At the centre is a man with the stump of his left arm wrapped in a bloody cloth. He is stood near the circular saw, whilst being comforted by some colleagues. His hand lies amidst the sawdust at the base of the saw.

The doctor: “Good lord, man, what happened to you?”

The man (a little unsteadily): “Well, doctor, I was working at the saw, and I went like this…” (gestures) “…and GOOD GOD! THERE GOES THE OTHER ONE!”

Coda: 100 million Mapillary Photos Uploaded

An email from Mapillary boasts that they now have 100 million photos on Mapillary. The link says that it has taken 2½ years & 2.1 million km, and was 10m photos last year. My calculation based on the numbers given earlier suggest that it is currently 500k uploads/day (from both mobile apps & web-uploads) = 182.5m/year.

This all suggests a large speed-up in the last year.

Location: Gedling, Carlton, Gedling, Nottinghamshire, England, NG4 4BH, United Kingdom

Discussion

Comment from escada on 25 November 2016 at 14:25

It was not only their harvester that stopped working, one of there web server had to be restarted as well earlier this week.

Comment from alexkemp on 25 November 2016 at 16:11

Interesting comment, @escada. With ~400 people uploading 1,000,000 photos every 2 days (manual + mobile) (73k people => 183m photos yearly), then god knows how many folks viewing those photos, the possible miracle is that the servers manage to stay afloat. I spent 15+ years managing a single webserver and recall continual firefighting as I battled attempted scrapes (max 403 / second from Technicolor) & spam. Yet that was with a quiet machine. Goodness knows what Mapillary or OSM must be like.

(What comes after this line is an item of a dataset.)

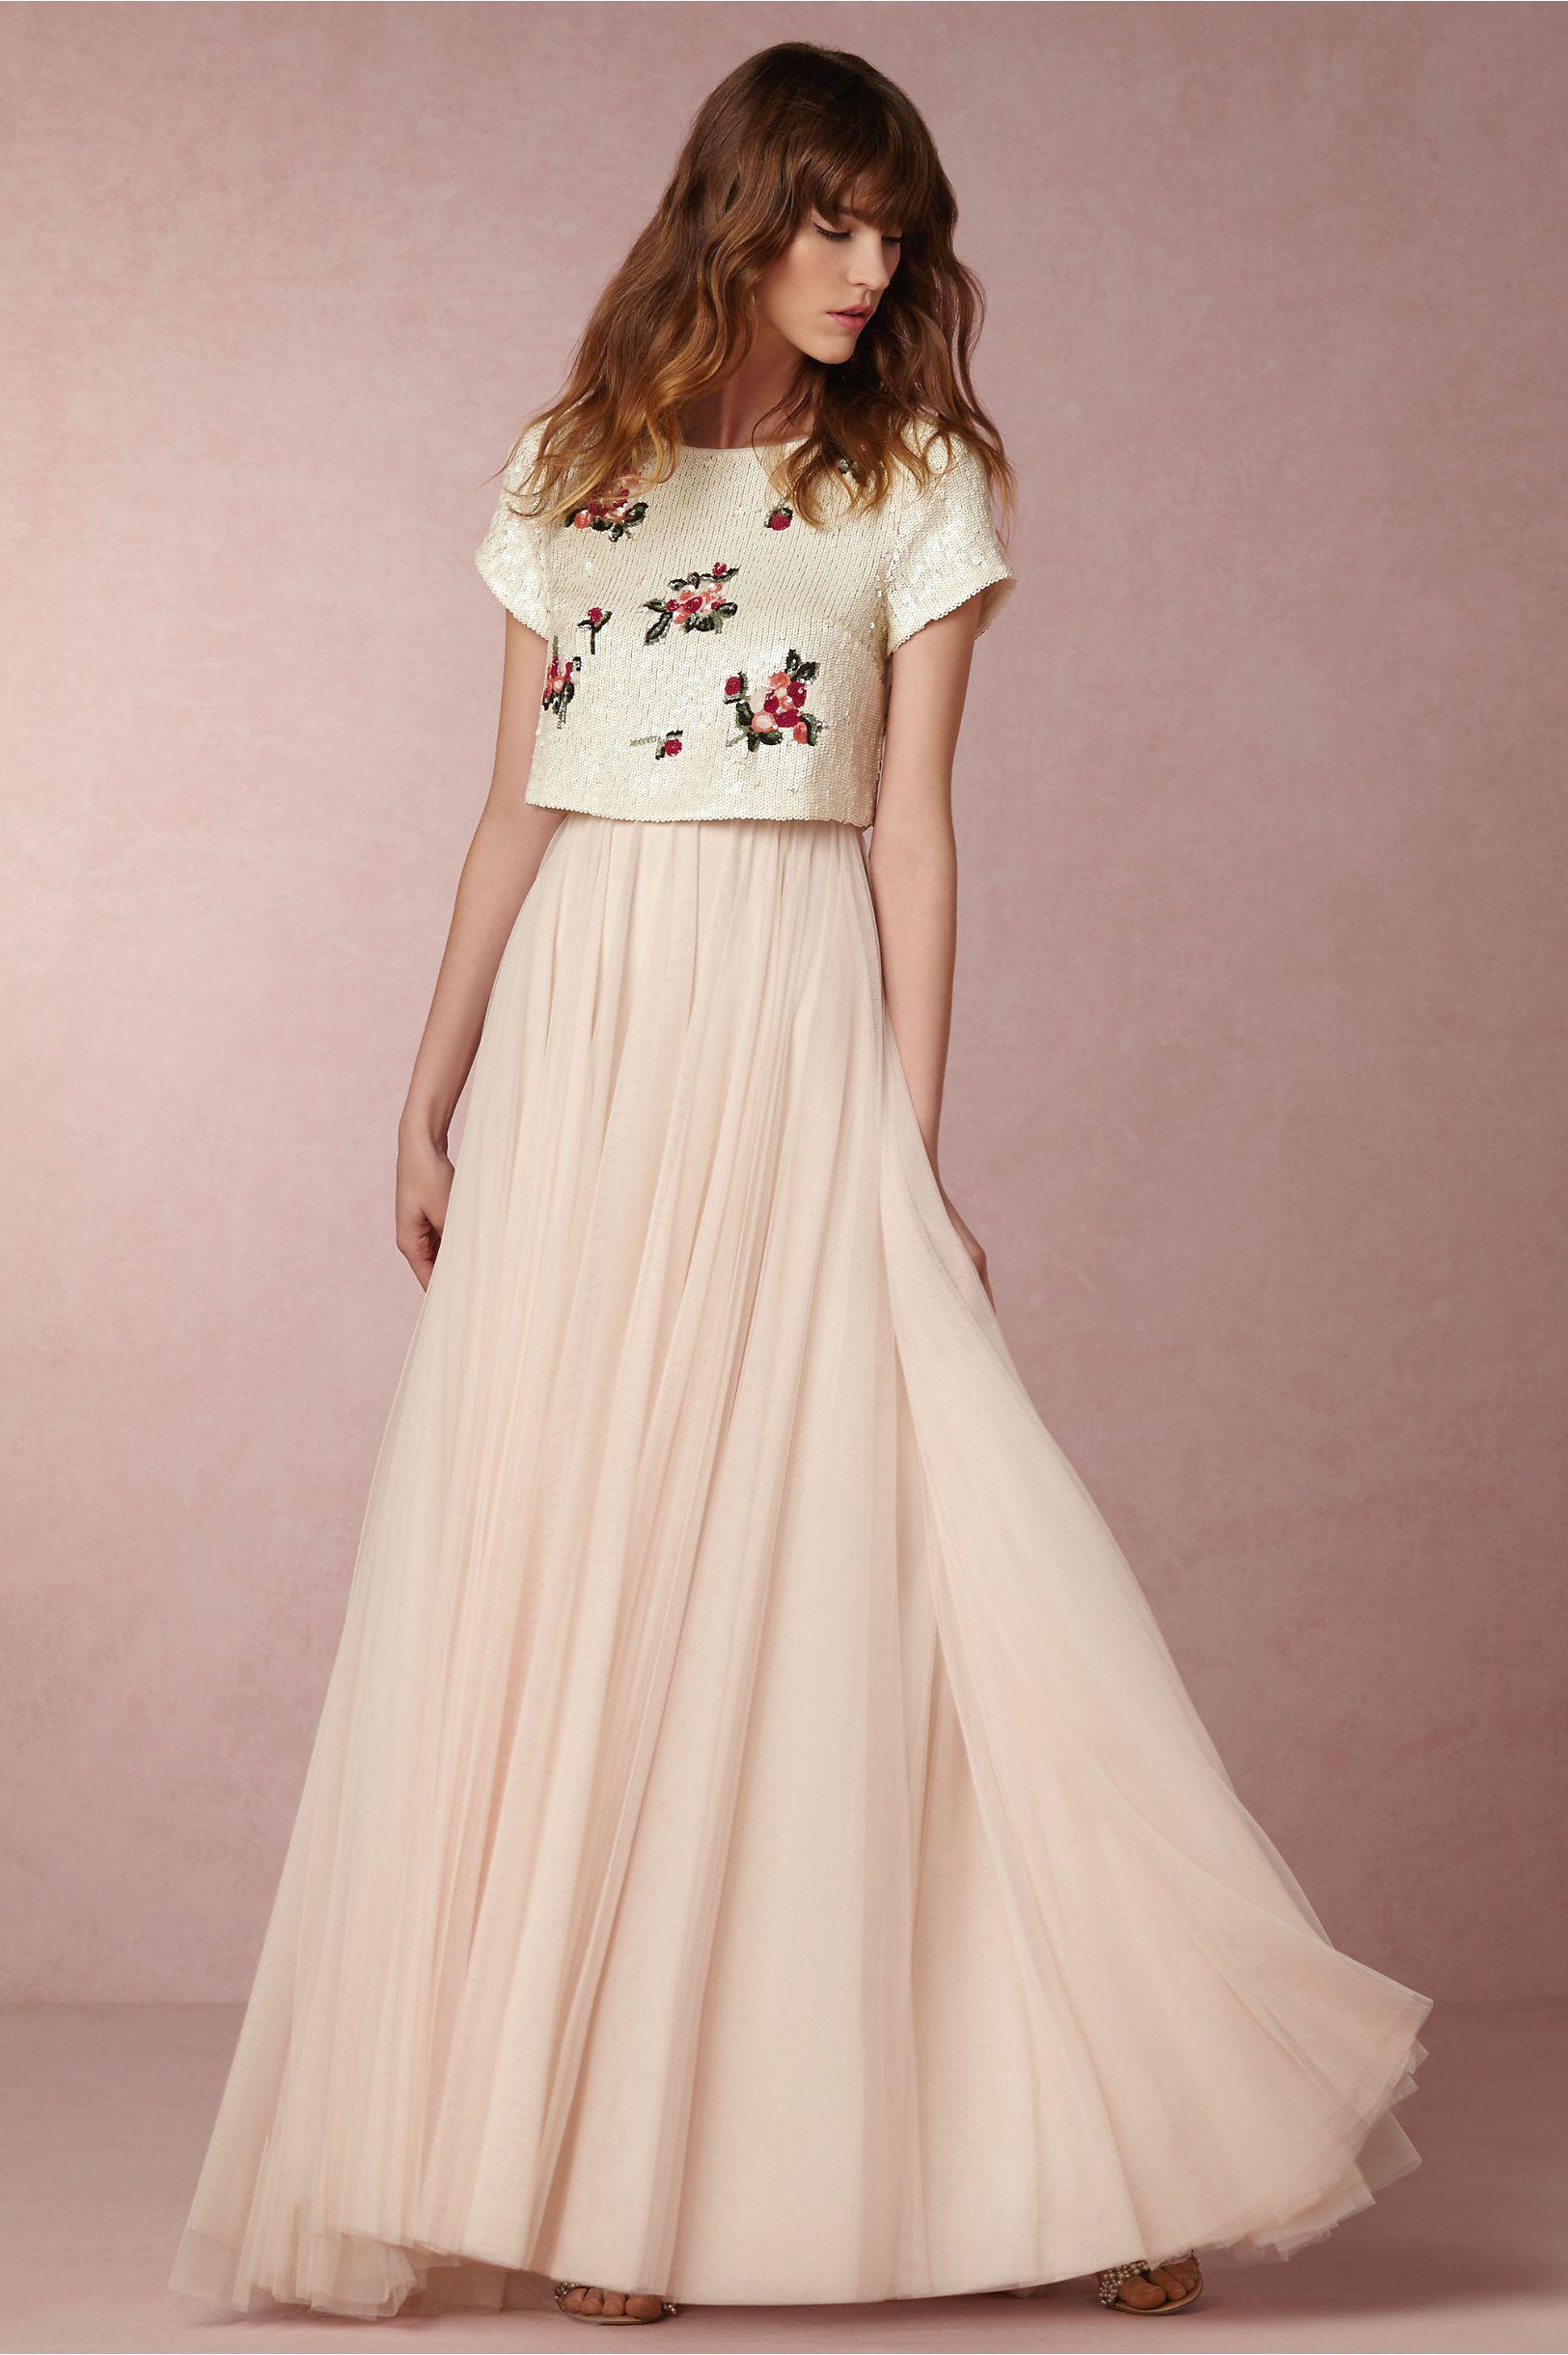 Zweiteilige Brautkleider: Der Brautmode-Trend 13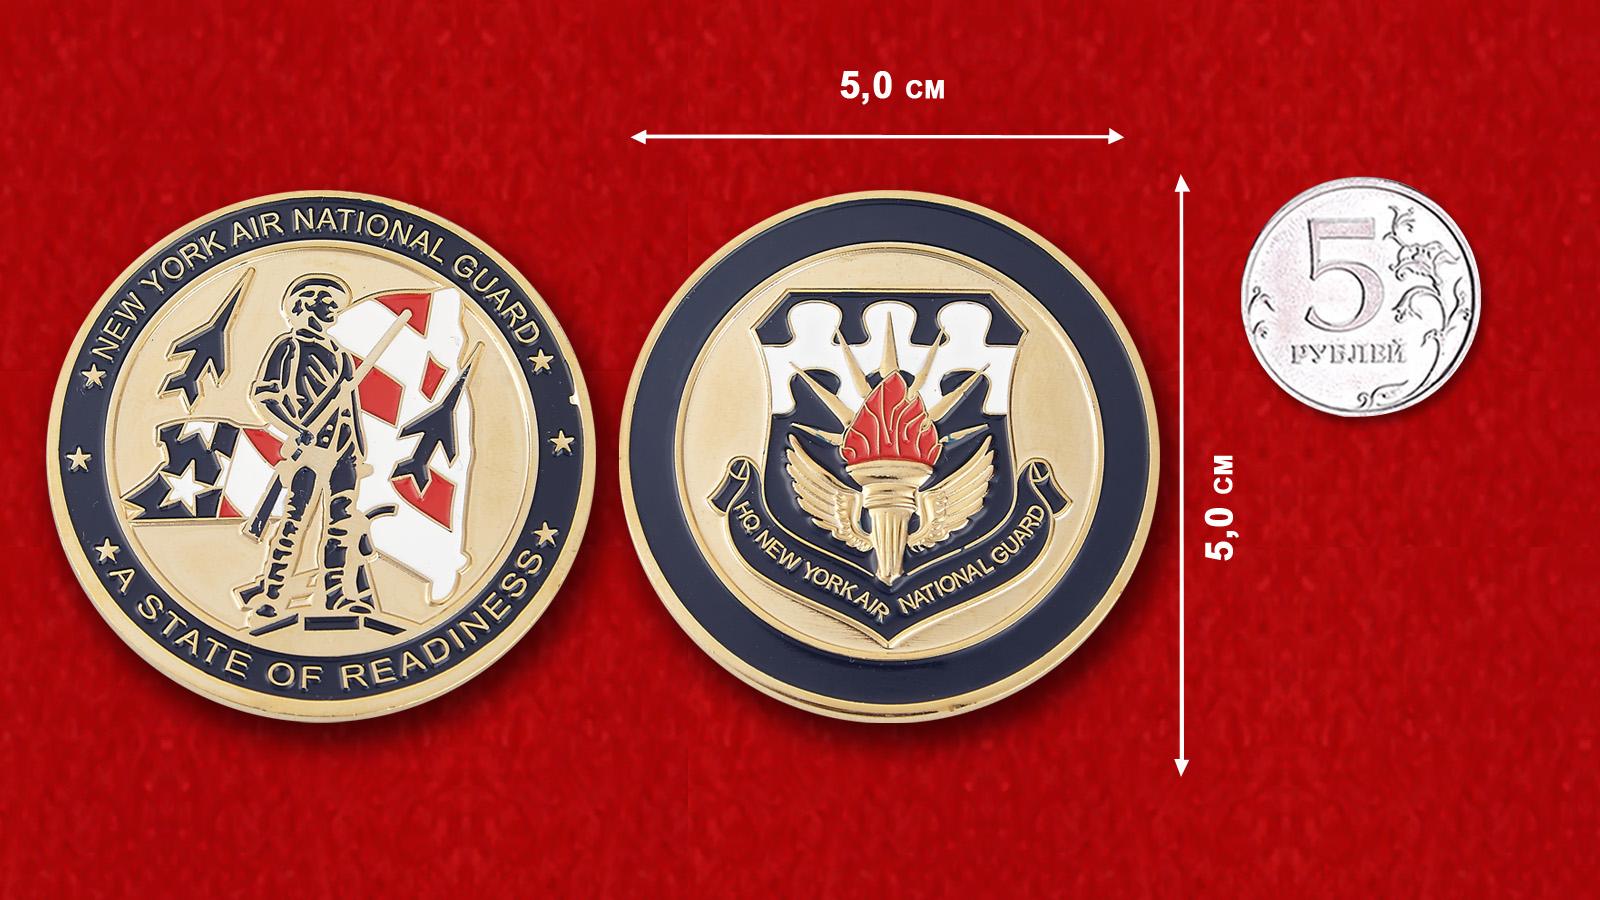 """Челлендж коин """"ВВС Национальной гвардии штата Нью-Йорк""""  - сравнительный размер"""

Comment from escada on 25 November 2016 at 16:40

I had informed them via twitter, here’s their reply: https://twitter.com/peterneubauer/status/801408335299969024

I’m also part of a dev team that builds, deploys and maintains a webapp for a rather small audience. But yes, it is sometimes a problem to keep things running. Even with all kind of monitoring tools, it is still a challenge. So I’m certainly not complaining.